We are proud that the 338 MPs' constituency offices are much like Service Canada offices. People are worried and confused. As I was saying earlier, that is because the situation is brand new to us. We are at war with a microbe, a virus. That is why people are a little lost. Even the government is lost.
I want to emphasize that the government is only responding because the opposition is forcing it to think. However, we do not deserve all the credit, because the government is probably also working to make things better. I am also thinking of public service employees, who we know are under a lot of pressure, and I thank them for what they are doing under these unusual circumstances.
This morning, I heard the Green Party, the NDP and the Bloc Québécois say that it is alarming to see members from Quebec coming here to the House of Commons to sit in this reduced Parliament. However, I want to remind the House that construction sites are reopening today, that mechanics have been back in their garages changing winter tires since last Wednesday, and, better yet, that garden centres are open again. Canadians are adapting and practising social distancing. They are complying with guidelines. They are resilient.
I am very proud to represent the people of Portneuf—Jacques-Cartier. They are resilient, proud, and supportive of one another, and they follow public health instructions.
I have visited organizations that help those who cannot go to the grocery store. In my role as an MP, I personally delivered food baskets. I went to pick up orders at the grocery stores and delivered them to residents of Portneuf—Jacques-Cartier. We support one another and and we can be proud of that. I now invite the government to let us work together to strengthen its programs so they meet the needs of Canadians and entrepreneurs.

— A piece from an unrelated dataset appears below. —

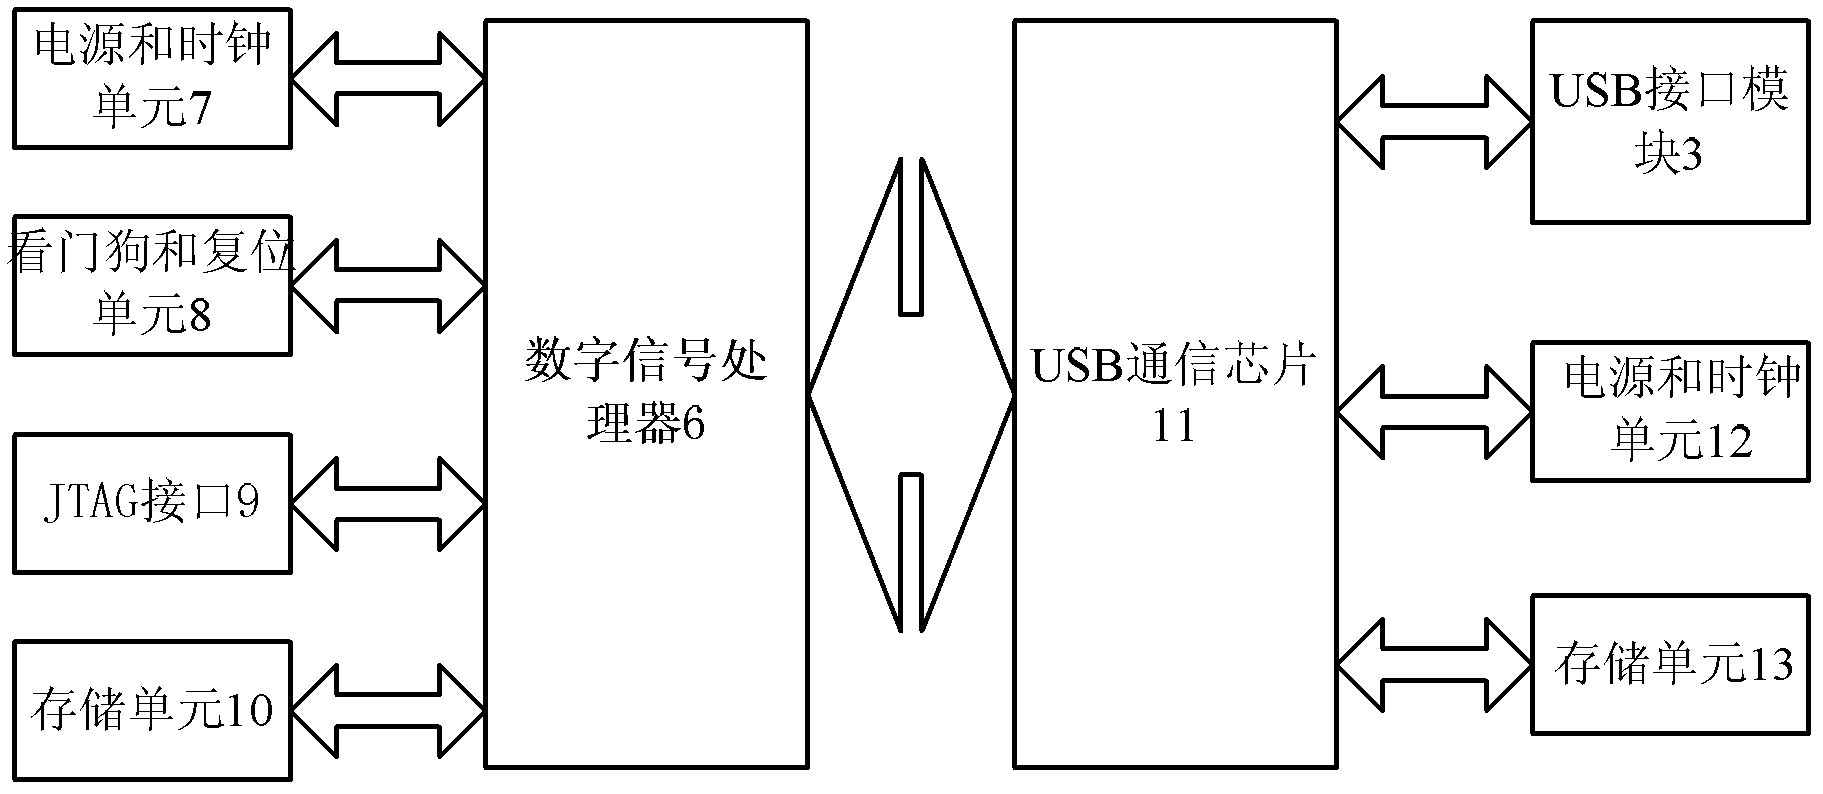 USB (Universal Serial Bus)-based communication module and communication method for alternating current servo driver

We have also been talking about a virtual Parliament. We are in a new building. I have had the opportunity to travel abroad. In many parliaments, the desks have integrated monitors and members can vote electronically. We are not there yet.
Mr. Speaker, our leader asked you directly if we have the technology needed to hold a virtual Parliament while respecting the rights of all parliamentarians. What was your answer? As far as I know, we are not yet ready.
As our leader said, when we receive confirmation that it can be done efficiently and with respect for parliamentarians' rights, we will reopen the discussion. In the meantime, we are asking the government to let us meet every day. First, there were going to be four sittings, then three sittings. Perhaps we could agree on two and a half sittings.
We are acting in good faith and we are working in the best interests of Canadians. We also want to get our businesses up and running again and give them the means, when possible, to kick-start the economy and once more create prosperity in Canada.